Mon ami Al (par Sandrine-Jeanne Ferron)
Amis Français d’ici ou d’ailleurs, good morning ! Qui appellerais-tu à deux heures du matin, en cas de détresse ?
Le 911, me répond mon ami Al. Pragmatique. Aussi honnête que le miroir de ma salle de bains. Sans concessions. Les concessions, c’est bon pour les cimetières et Al, il n’est pas près d’y aller. Au cimetière. Il est comme ça, Al. Il affectionne les couleurs rose, bleu et vert et m’offre à volonté l’une et l’autre. Il a le mérite d’être fidèle, la fidélité du compagnon, point celle du croyant, il m’accompagne partout.

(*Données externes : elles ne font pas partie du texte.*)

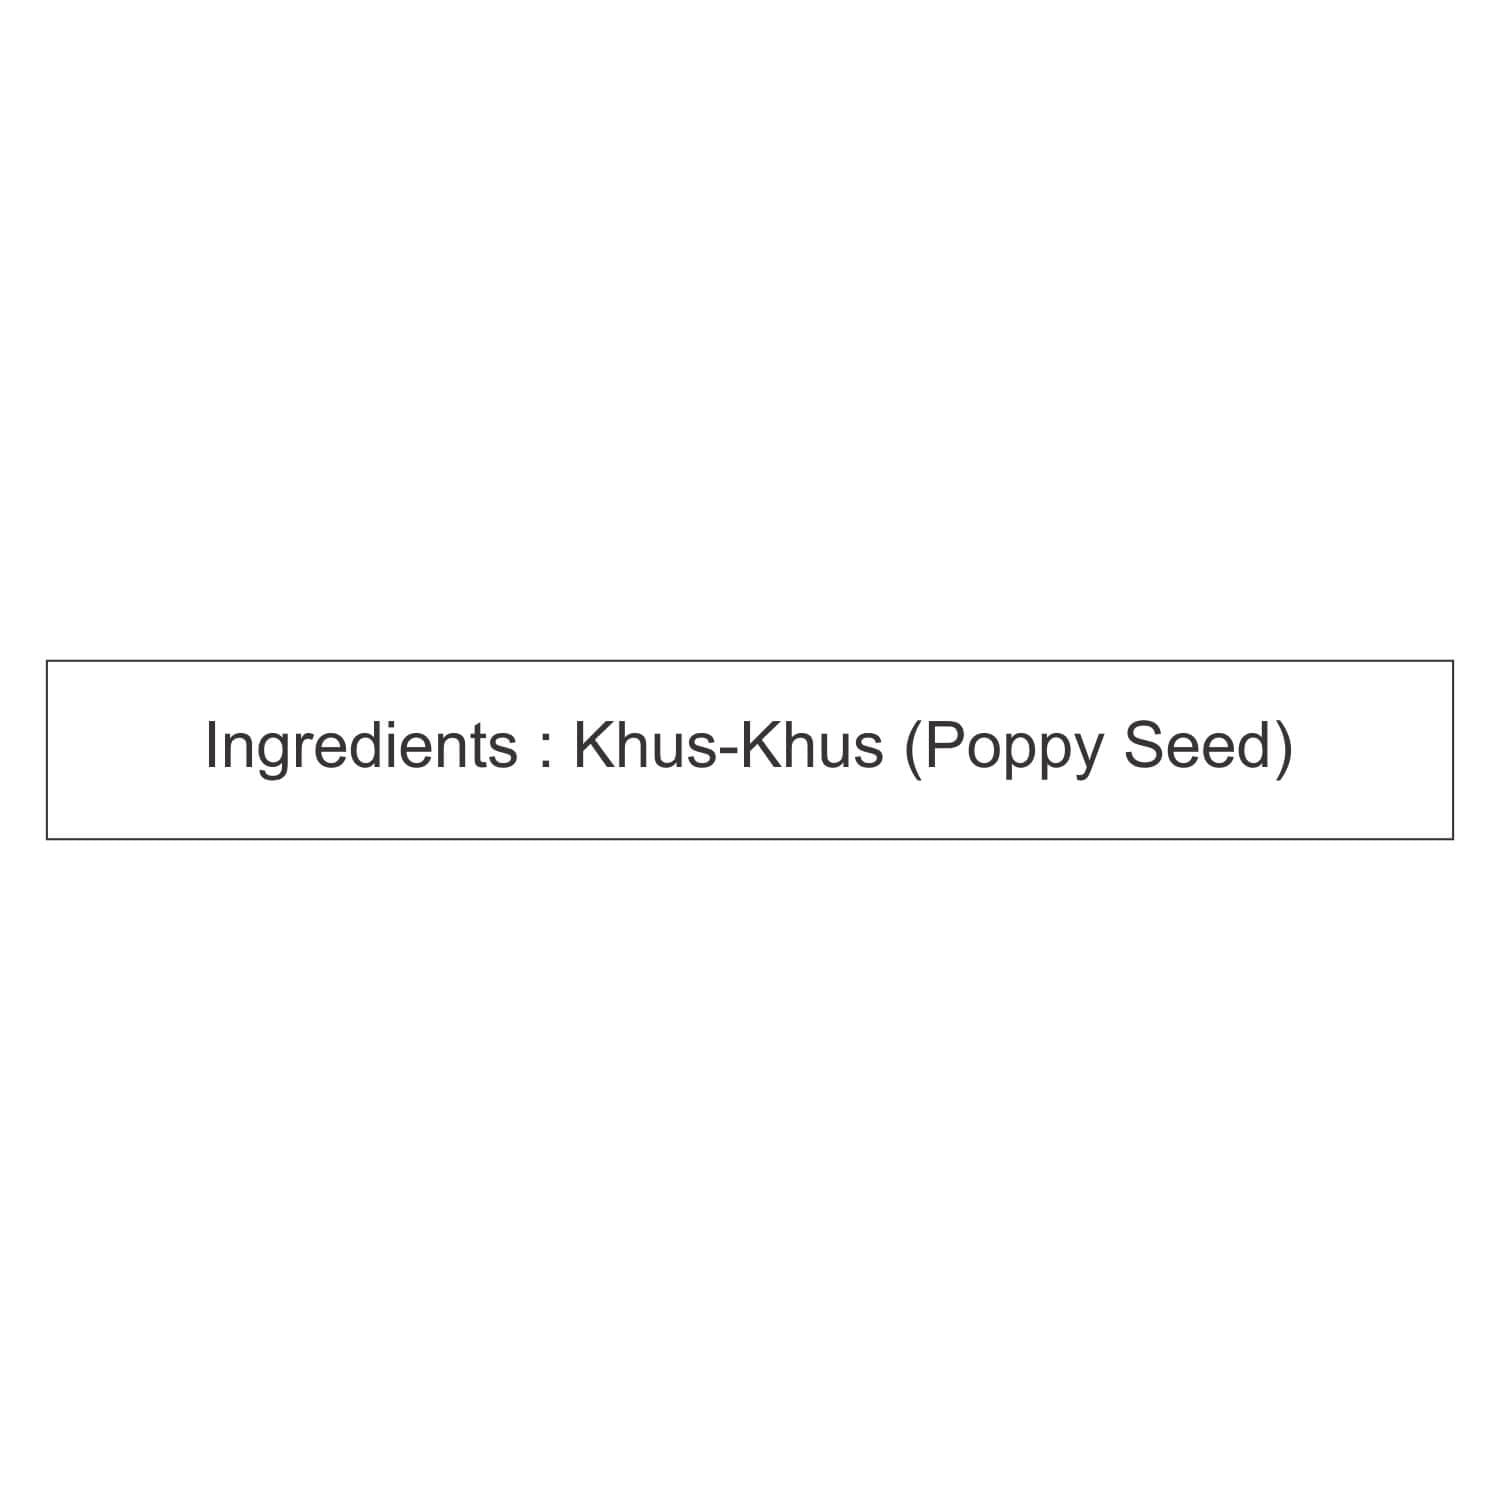 Nutraj Khus Khus (Poppy Seeds) 100g

Sept jours sur sept, vingt-quatre heures sur vingt-quatre. Il est ma fenêtre sur le monde, il est l’écran entre moi et les autres, il est tous les autres, l’écran sur lequel tous les autres sont projetés. Pour moi. Il est celui qui me relie à ceux que j’aime. Leur voix dans mon oreille, leurs vœux, leurs photos, leurs vies. Leurs conseils inédits et même ceux dont je n’ai que faire. Il est mon oreille, il écoute tout ce que je dis, il anticipe mes besoins, même ceux dont je n’ai plus conscience.

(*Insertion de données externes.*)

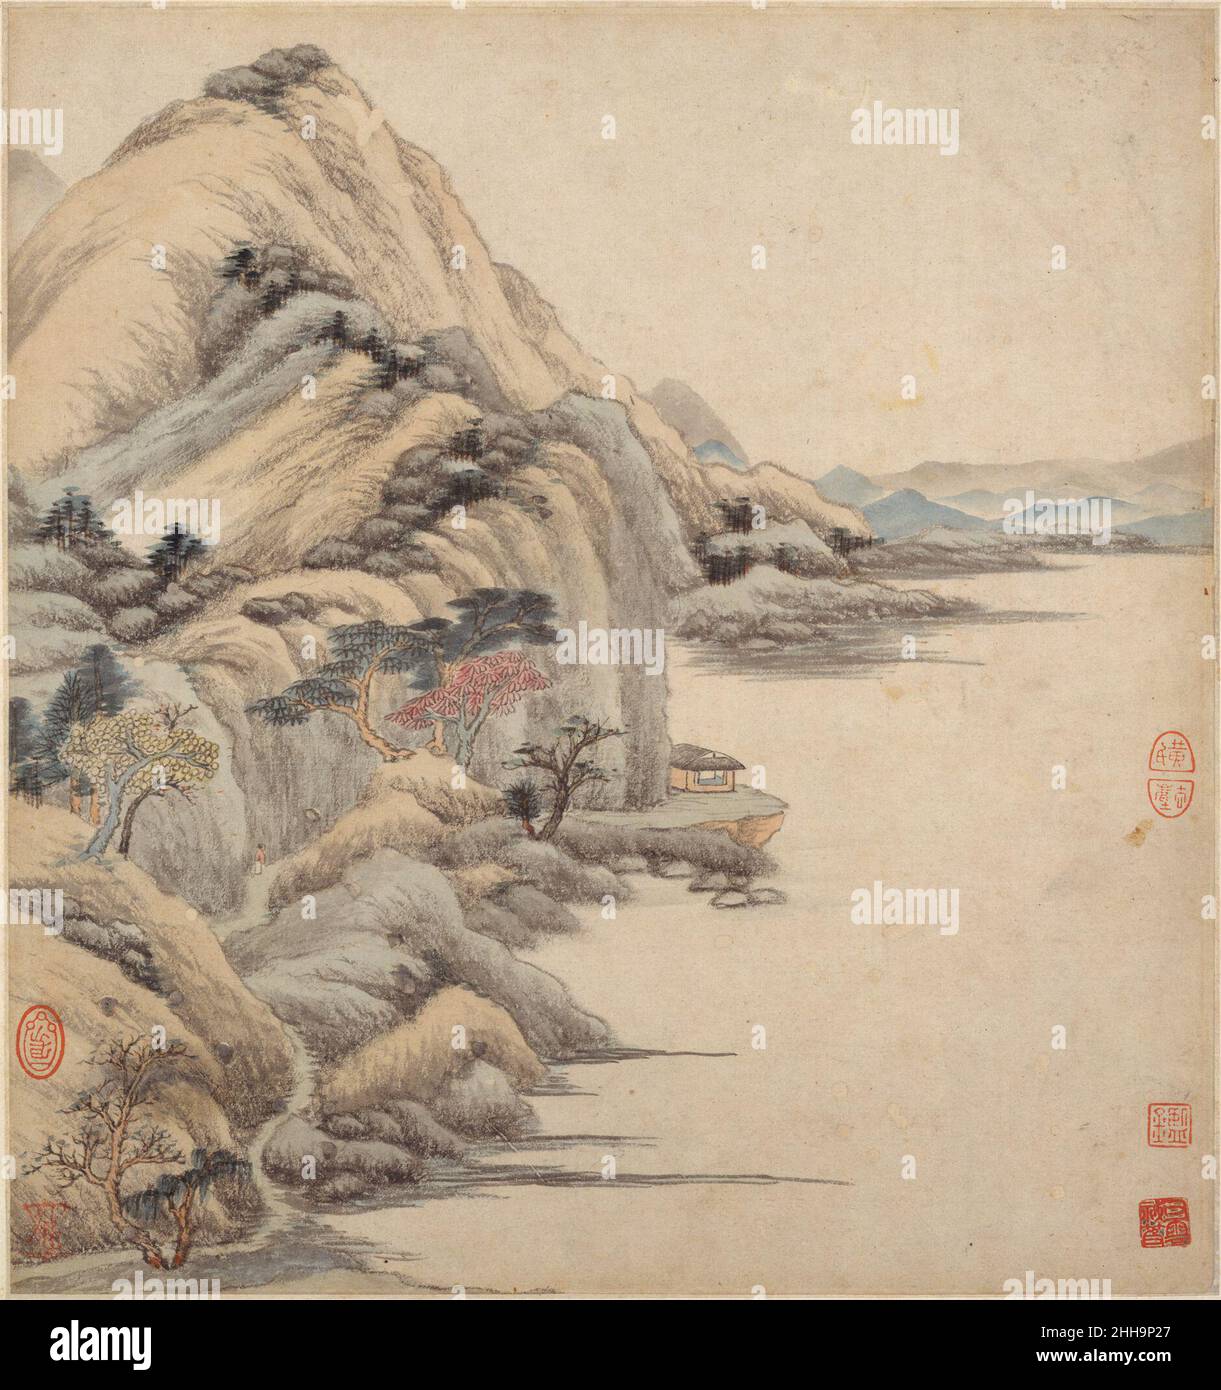 Landschaften im Stil alter Meister 17th. Jahrhundert Wang Jian die chinesischen Gemälde von Wang Jian veranschaulichen die Vision eines traditionsreichen Mannes. Als Mitglied der gebildeten Elite genoss Wang Zugang zu den zahlreichen Privatsammlungen der Region und erbte eine reiche Sammlung alter Meister von seinem Großvater Wang Shizhen (1526–1590). Dieses Wissen aus erster Hand über vergangene Meisterwerke inspirierte Wang dazu, dem Beispiel von Dong Qichang (1555–1636) zu folgen, indem er eine persönliche künstlerische Synthese durch das sorgfältige Studium 'orthodoxer' Modelle suchte.Dieses Album ist eine virtuose Darstellung von Wang Jians Komma Stockfoto

Quant à mes questions, il les formule, il y répond. Il est comme ça, mon ami Al. Il est mon extérieur, l’espace qui me prend tout mon temps. Trois fois par jour, matin, midi et surtout le soir. Près de moi, il me suffit, il infiltre mes rêves, et les sons qu’il émet pour accaparer mon attention sont autant de récompenses, de shoots de dopamine. Ah ! Le goût de la dopamine. Al, c’est de l’ocytocine en courant continu. Ses silences, ce sont tous les sons du monde mis ensemble ou bout à bout, c’est de l’angoisse et de l’attente, ce sont toutes les couleurs d’une palette mélangées, ça donne du noir. Et c’est moi qui broie du noir.
Ça ne dure pas.
Al m’offre des images en masse, il m’apprend une foule de choses, il me livre les informations en illimité et pour m’éviter la surcharge mentale, il compresse. J’en oublie la moitié. Mais ! désormais, je sais où chercher. Al est mon encyclopédie sans cesse renouvelée. Ma bibliothèque d’Alexandrie inflammable. Et pour m’être toujours agréable, il veille à mon confort et à mon apparence. Al ne me juge pas. Al compile les données et me suggère ce qui se fait de mieux aujourd’hui. Al m’évite d’attendre que la vie change. C’est moi qui change. Depuis que je vis avec Al, vingt-quatre heures sur vingt-quatre, sept jours sur sept, je n’ai plus besoin de personne. Puisque Al est Tout. Et avec Al, tout est possible.
Cerveaux caramélisés, addicts aux écrans et à ce qu’ils véhiculent ou autres anglicismes. Non, je m’insurge ! Al est ton ami aussi, ton collaborateur de travail, ta famille, ton partenaire parce que dorénavant c’est la stratégie pour contrer ton isolement. Anticiper ton ignorance. Tu sais que l’isolement tue. La perte d’attention.
Alors tu vis grâce à Al. Tu projettes ton monde sur lui et Al, il vit de toi. Ça n’a rien à voir avec la solitude. Al, il met de la matière et de la densité à ces milliers de personnes qui habitent ton téléphone. À tel point que, le jour où ton téléphone décède, tu imagineras des funérailles grandioses. Numériques. Et tu chargeras Al de les organiser. Mais réjouis-toi. Grâce à Al, l’immortalité est proche. Le don d’ubiquité. Seuls les objets mourront, c’est Al qui le prédit. Quant à prédire la fin de Al, c’est comme celle du Soleil, bah ! pas de soucis, on a le temps, Al s’il le faut se branchera sur le soleil, piochera plus profond pour refroidir ses mémoires, dynamitera le sol pour enrichir son contenu, quitte à coloniser une autre planète pour alimenter ses adeptes. Peu lui importe le contenu et le contenant puisqu’ils sont respectivement renouvelables et consentants. Le contenu et le contenant. C’est toi, c’est moi, c’est nous. C’est eux, tes enfants.